INFORMATION PROVIDED Block Start

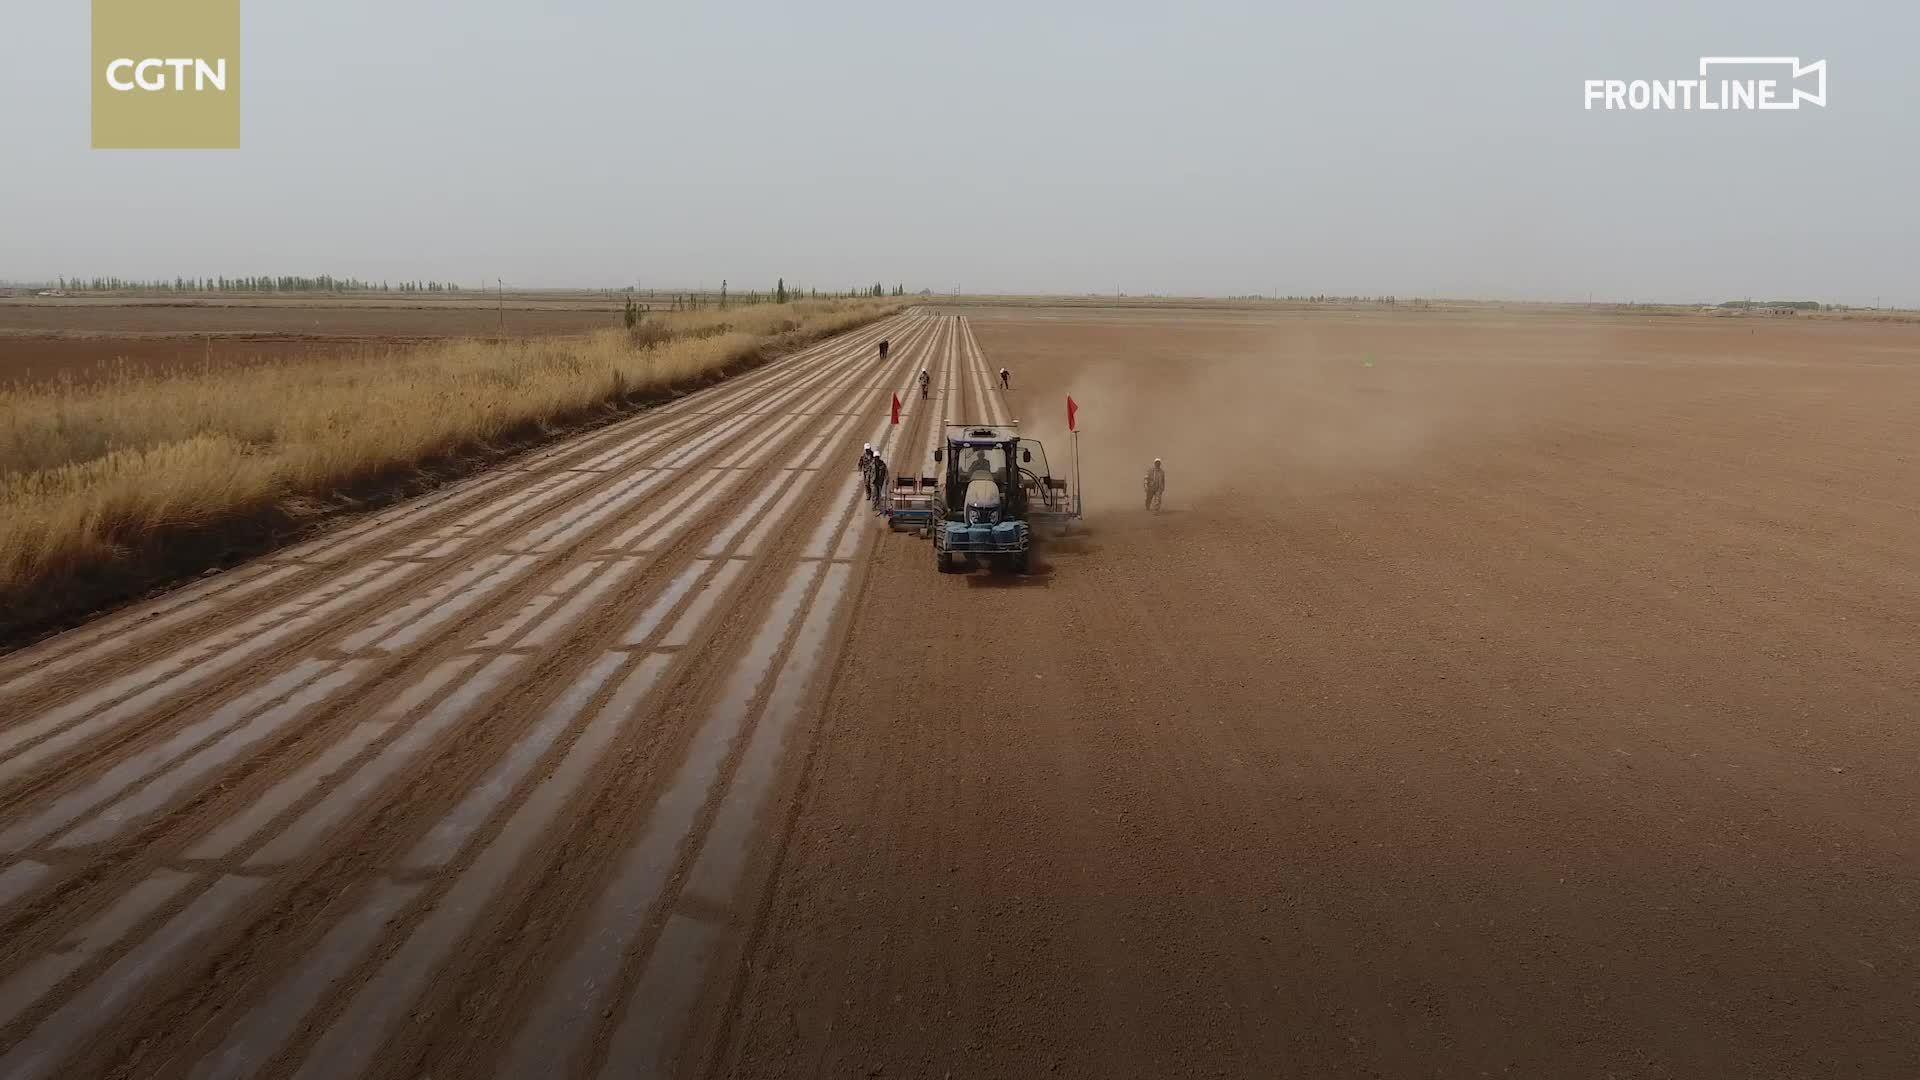 雄起~北斗 卫星导航系统助力新疆农业
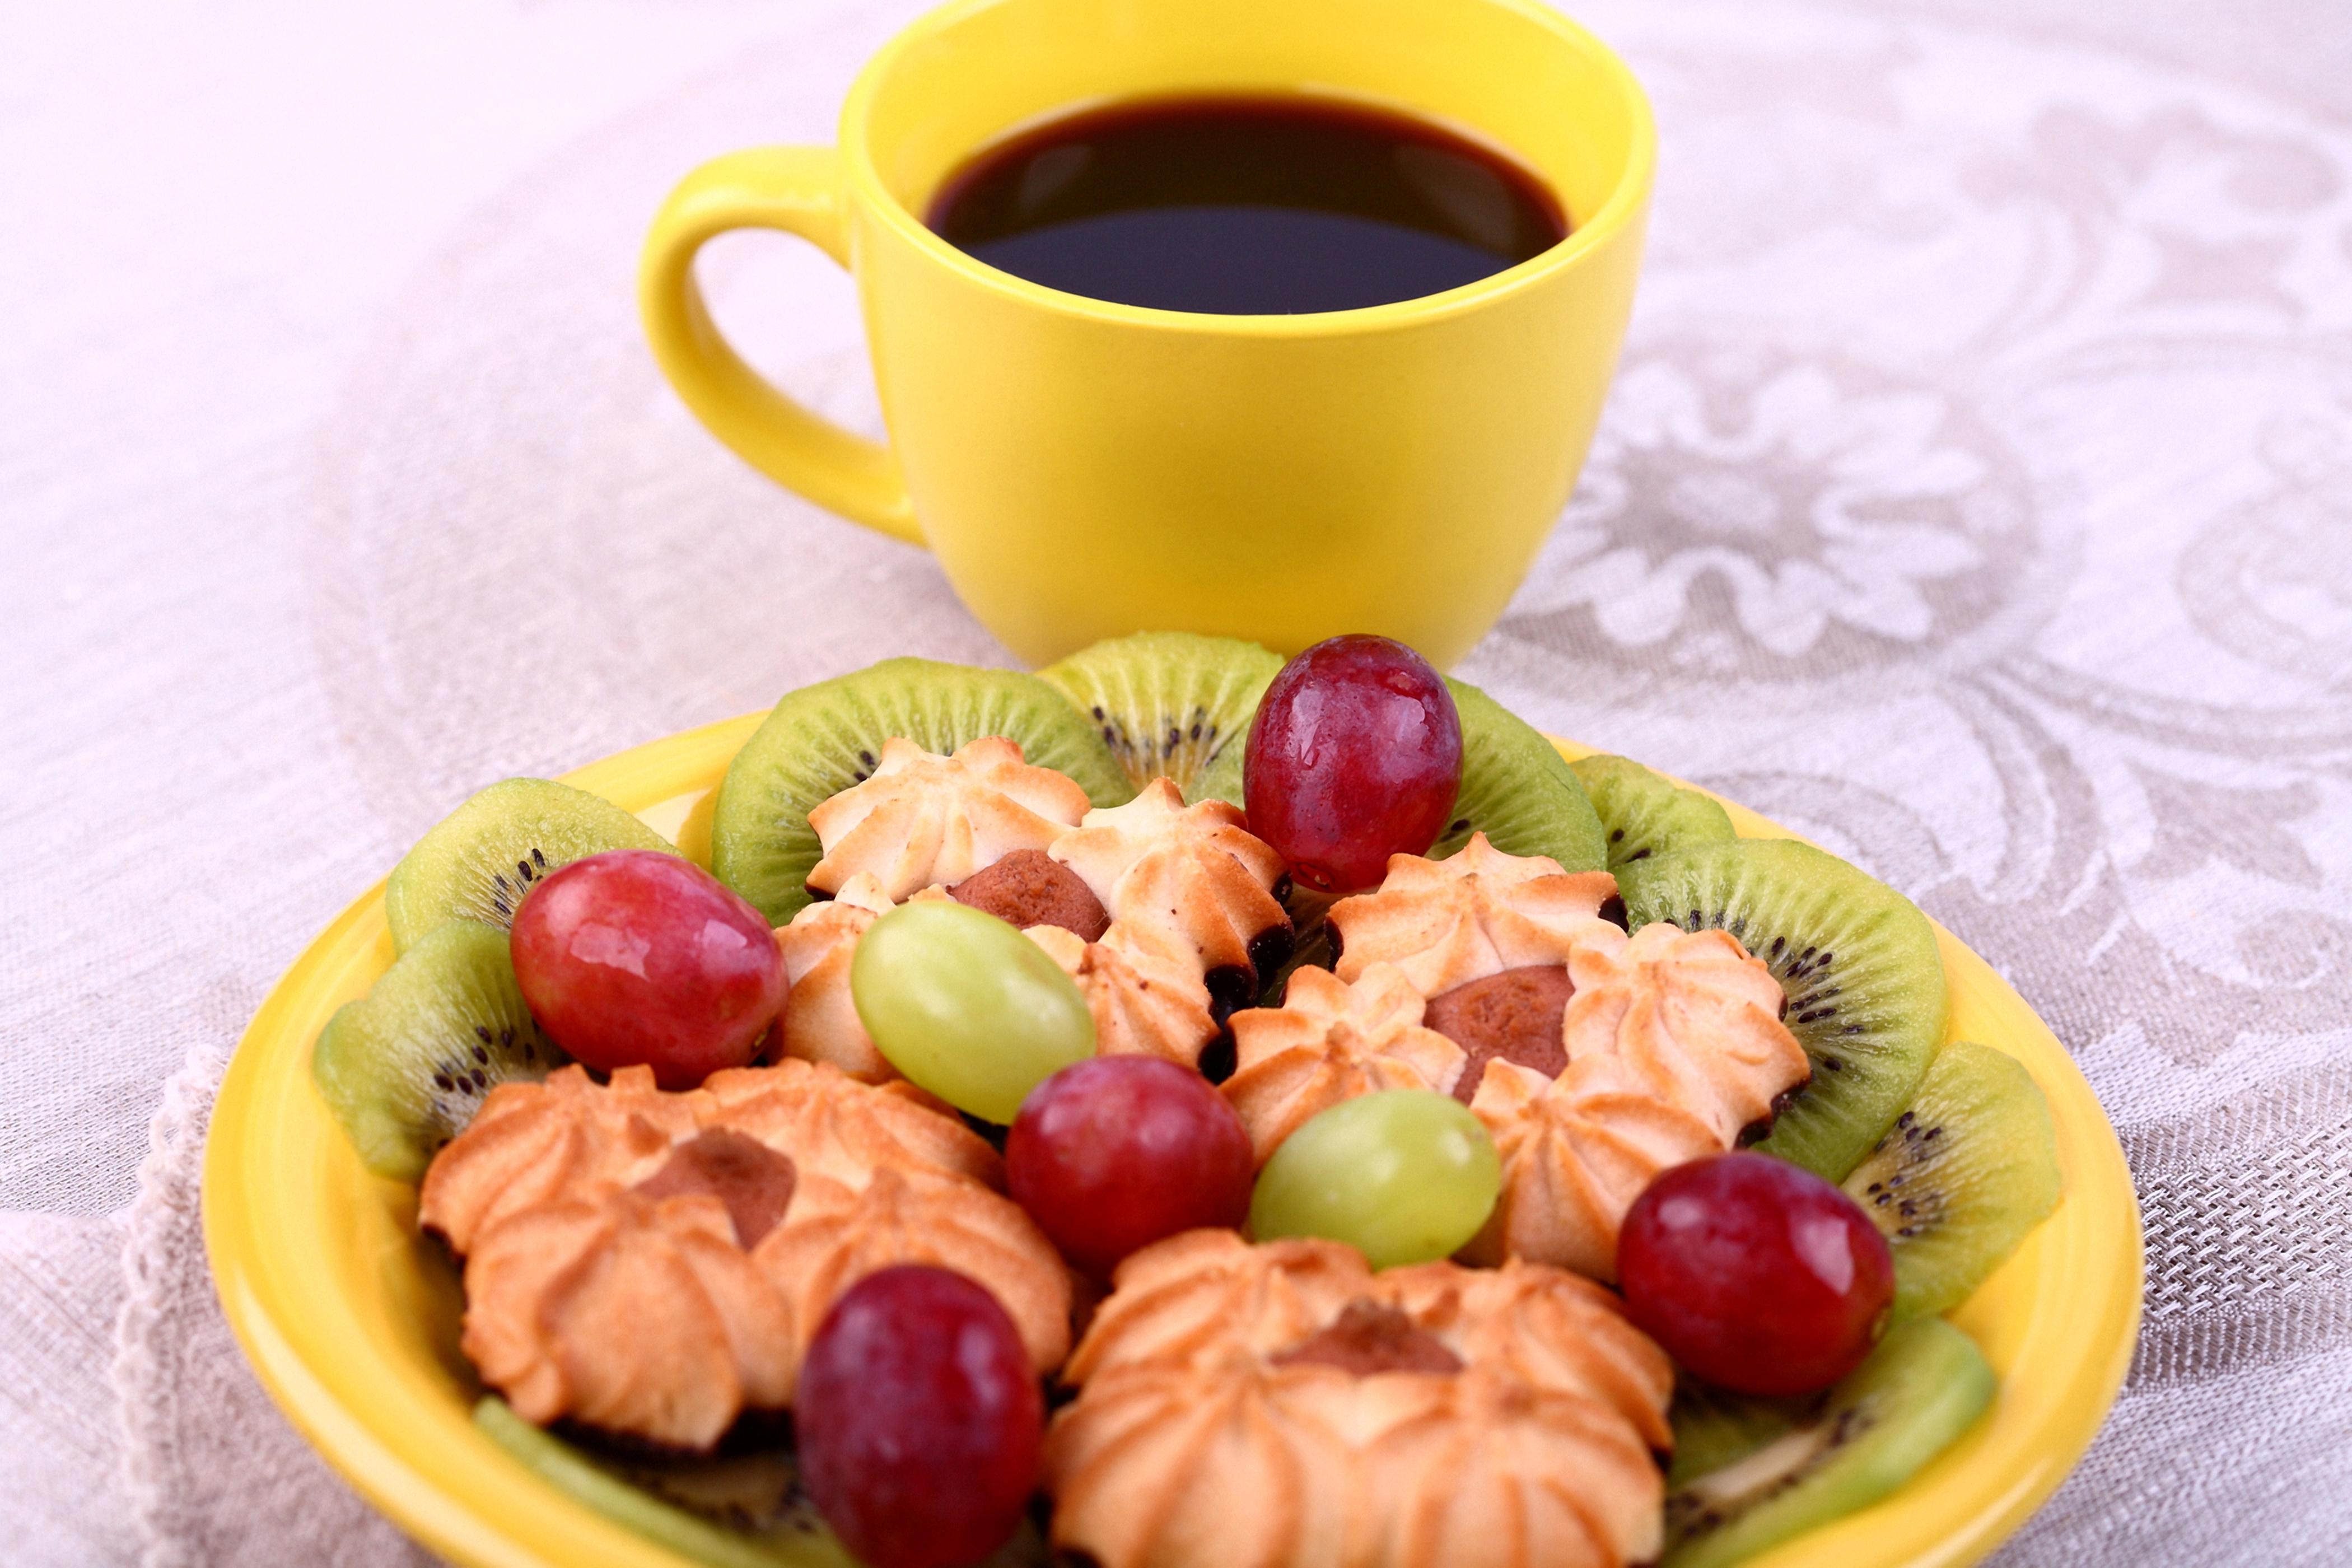 еда печенье кружка food cookies mug  № 2147299 бесплатно
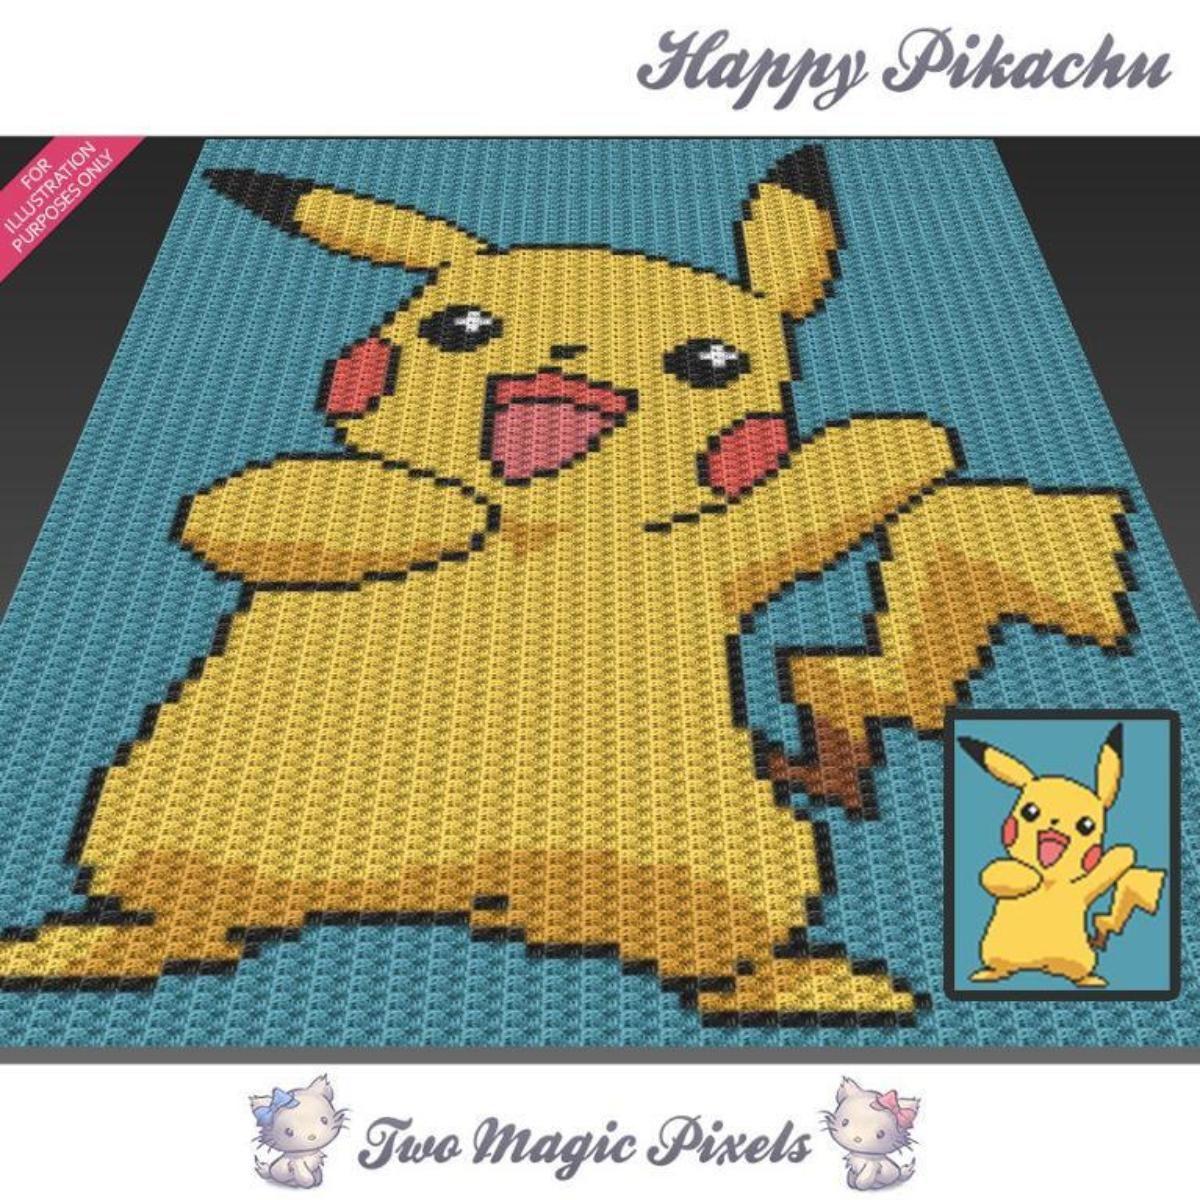 Happy Pikachu C2C Crochet Graph | Pinterest | Decken, Häkelideen und ...
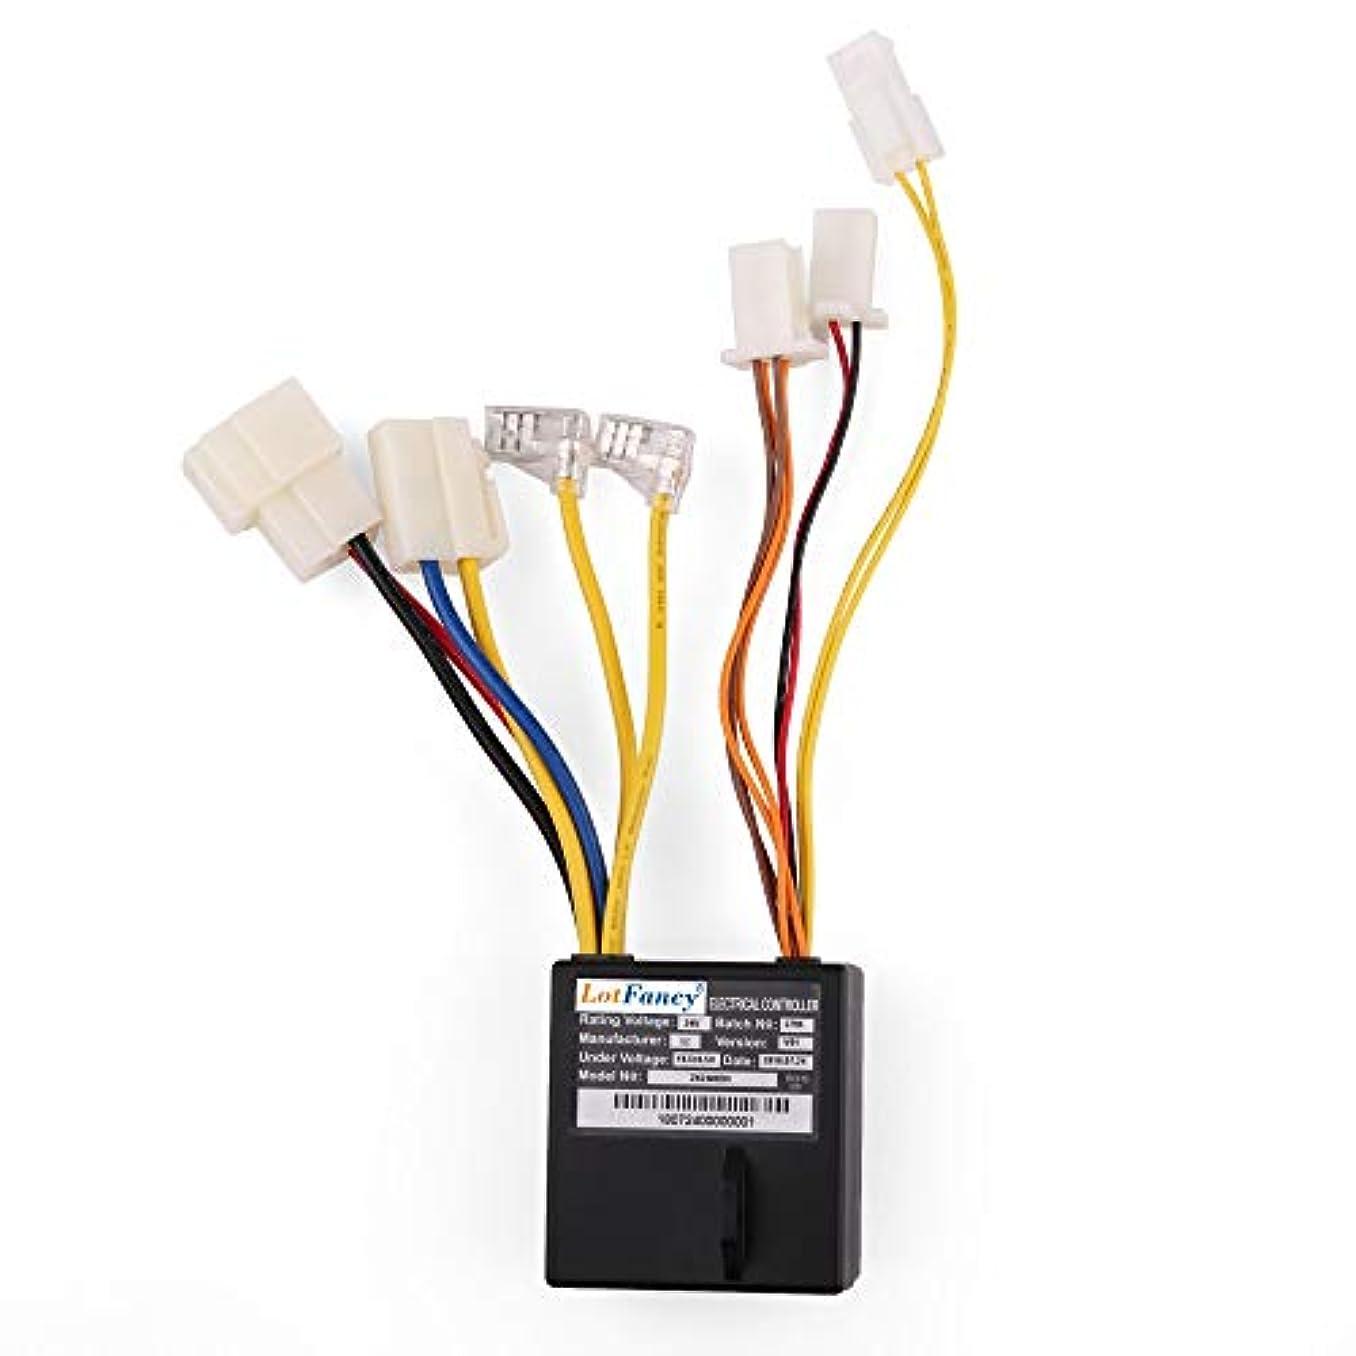 ショルダーリマかすかなLotFancy zk2400-DH、スクーターコントローラ:かみそり電力コアE100電動スクーター7つのコネクタ、モデル番号と24Vコントローラ

INFORMATION PROVIDED Block End

### WORK ORDER:
Reproduce word for word the lines from the line holding "еда печенье кружка" through the last line of the material above, inclusive, and keep pictures out of it.

### FINAL ANSWER:
 еда печенье кружка food cookies mug  № 2147299 бесплатно
 Happy Pikachu C2C Crochet Graph | Pinterest | Decken, Häkelideen und ...
 ショルダーリマかすかなLotFancy zk2400-DH、スクーターコントローラ:かみそり電力コアE100電動スクーター7つのコネクタ、モデル番号と24Vコントローラ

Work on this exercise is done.